Introduction: How to Make a Motto Holiday Sweater With Felt Lettering
Last summer, I spotted a very interesting piece of clothing in a printed copy of Glamour magazine, so I cut it out and put it aside, believing that I would some day reference it. The piece was from a Fall 2015 Ready-to-wear collection from Dolce and Gabbana, which carried a mother and child theme as I later found out.
Winter came around and I found the perfect venue to create a piece of clothing with a similar style: my company's annual holiday party, where "ugly" sweaters were encouraged.
So I got to work and created this holiday sweater. I work for an education company (Coursera) which stands by the motto, Learners First, so my sweater spells that out.
I'll walk you through my process for making it, so that you too can wear your own motto at your next holiday party.
- Sheets of felt in vibrant colors
- Plastic gems of various colors and shapes
- Small beads with letters on them
- Fabric glue
- Craft paper
- Thread and needle
- Pins for securing felt onto fabric
- Fabric chalk or fabric crayon
- 5 hours if wearing only once
- 10 hours if wearing multiple times or washing
- It helps to know how to sew, but you could learn through this project
Step 1: Gather Materials
The first step is to gather materials so that you have everything you need once you start making.

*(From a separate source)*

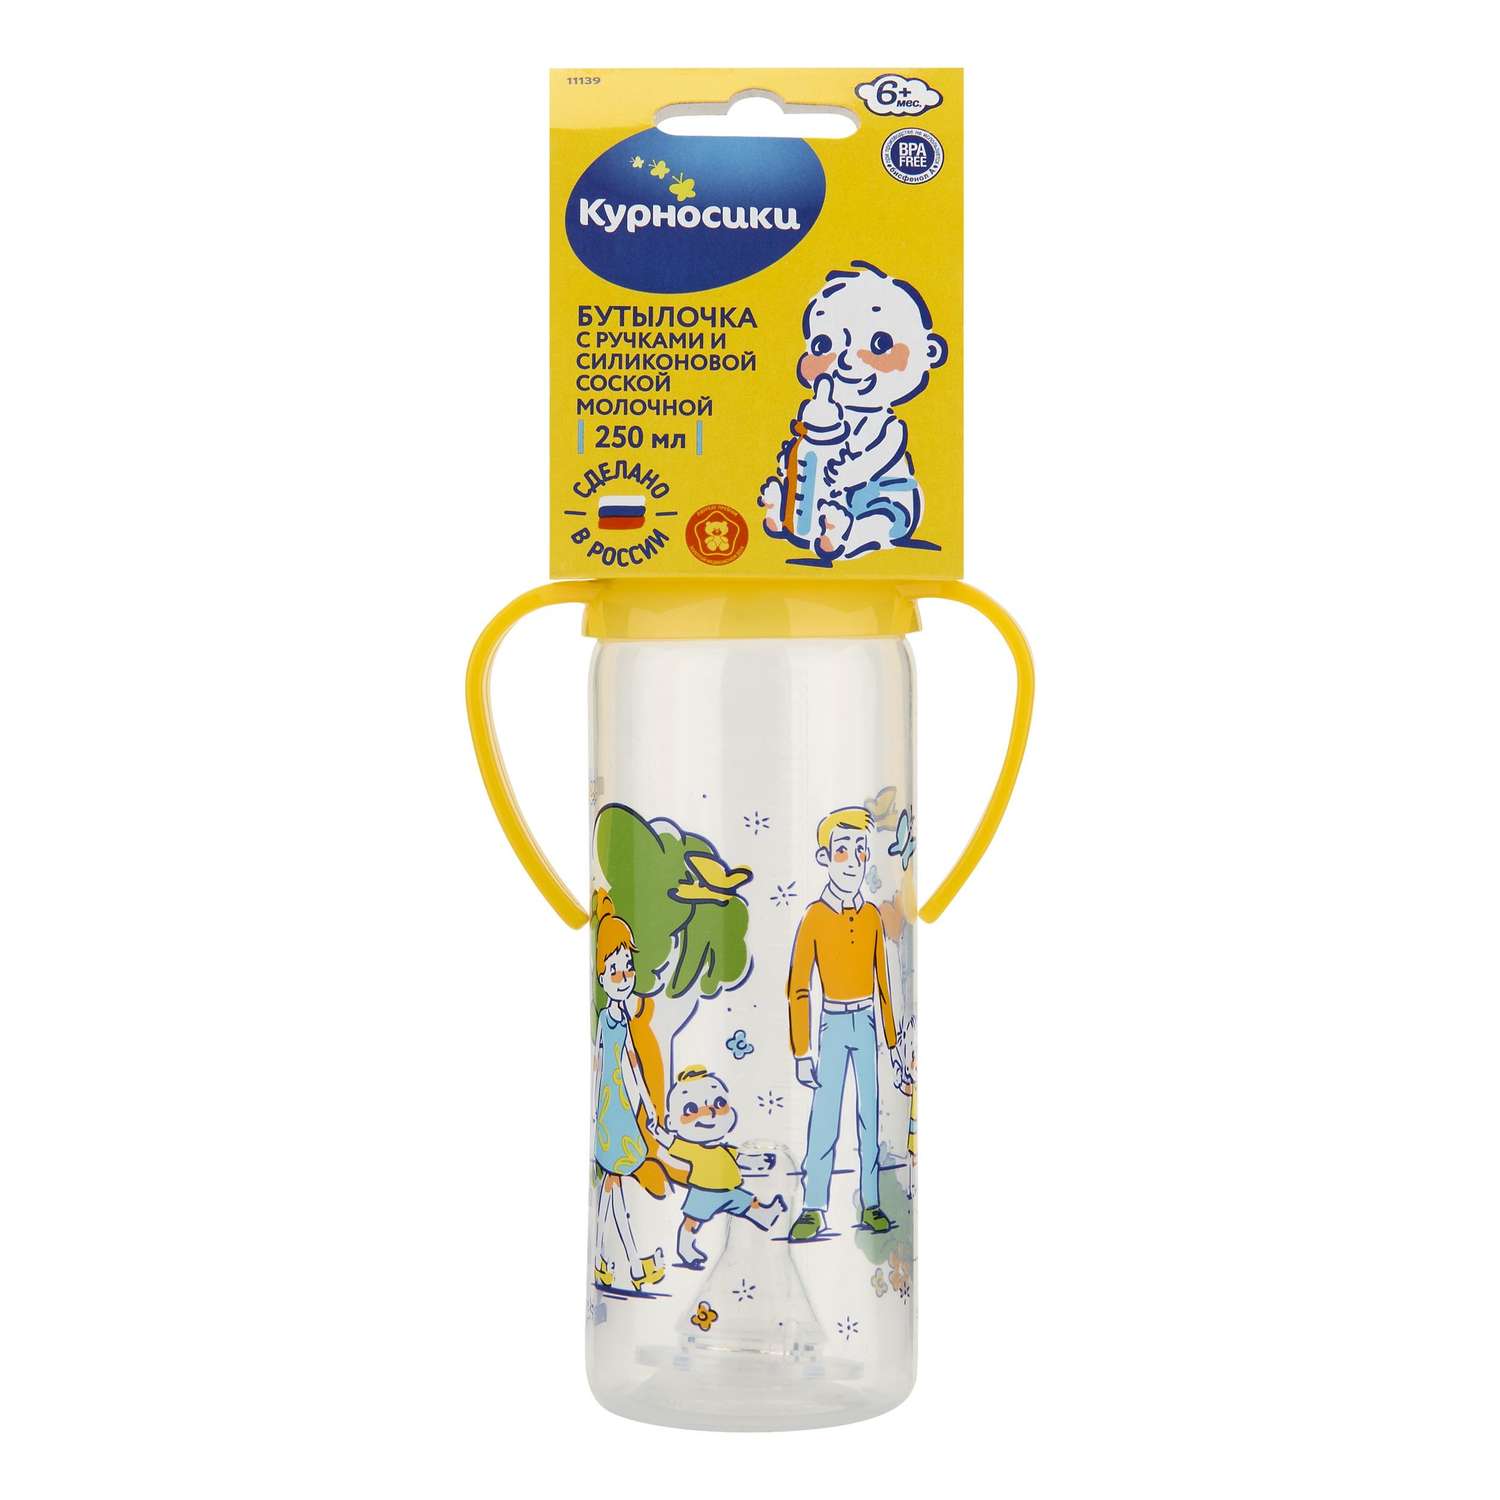 Бутылочка Курносики с ручками с силиконовой соской молочной 250 мл в ассортименте - фото 7

You should be able to find everything from Goodwill(or any other secondhand clothing store) and Michaels(or any other craft supply store).
At this step, you'll should have an idea of what the final "look" should be, as this will guide your material selection. There were a few things I particularly liked about the Dolce and Gabbana dress, that I kept in mind while shopping:
- The sweater has a dark green background that lets the letters to stand out
- The sweater has a rather elegant silhouette. While the lettering is silly and playful, I wanted the clothing itself to be flattering rather than ugly.
- The colors and gems are over-the-top colorful, exaggerated, and even gaudy
The gems usually come in two varieties: ones with sticky adhesive back sides, and ones with holes to sew through. Sew-on gems are more dependable and long lasting but take a lot of work to sew on one by one. Adhesive gems can fall off easily even if they are meant for fabrics, but you can handle them very easily and quickly.
I opted to make my sweater quickly even though that meant that I wouldn't be able to wash it or even wear it multiple times. I went the quick-but-flimsy route because I just had one evening before the party to make it. If you have more time or would like to make something more durable, I encourage you to buy the sew-on gems.
Step 2: Try on Paper Prototype
The first step once you gather all of your materials, is to create a paper prototype. Craft paper or wrapping paper works well, since they come in big rolls that you can cut out many shapes from.
This particular aesthetic doesn't require precise lines or edges, so you can draw each letter by freehand.
Pin the letters onto the sweater with fabric pins, and try on the sweater.
You might find that some letters are placed oddly in relation to your body. If this is the case, take note, take off the sweater, and adjust. Try the sweater on after each adjustment until you are satisfied with the way it looks when worn.
Step 3: Cut and Glue Felt Letters
Once you have a paper version of the composition you'd like, you are ready to cut the letters out from felt. Using the paper letters as a stencil, trace the letters onto the felt using fabric pencil, and cut.
Since you'll be lifting the paper letters off the sweater, mark the original placement with pins or fabric crayon.
Once you have created all of the felt letters, take the fabric glue and glue each letter onto the sweater.
Step 4: Add Gems and Beads
Now that the letters are in place, you can embellish each letter with a set of gems and beads.
This is where color combinations start to shine - go for variety, sometimes using gems that are similar in color to the felt, and at others using contrasting or complementary colors.
Mix large gems with smaller ones to create irregularity and interest.
Hide fun details that only someone looking at the work very closely would notice. In this example, the letter "A" contains the word L-E-A-R-N twice following the slopes of the "A".
Here, I used a combination of sew-on gems and sticky-back gems. This is mainly because I was optimizing for the exact look I wanted even if it compromised durability (sticky-back) or speed of creation (some of the sew-on gems).
If you are aiming to make your piece durable, I would use only sew-on gems, and consider sewing the edges of the letters to the sweater. Fabric glue claims to be washing machine-proof, but it's definitely less dependable compared to stitches.
Step 5: Wear It to the Party
The style of this sweater is so colorful and bold that it will stand out and get attention. Enjoy going to meetings, running errands, having lunch, or meeting up with friends in it.
It is a good idea to bring the fabric glue and extra gems in case the piece needs repairing throughout the day.
So, here you go- A fun, colorful sweater that also photographs well!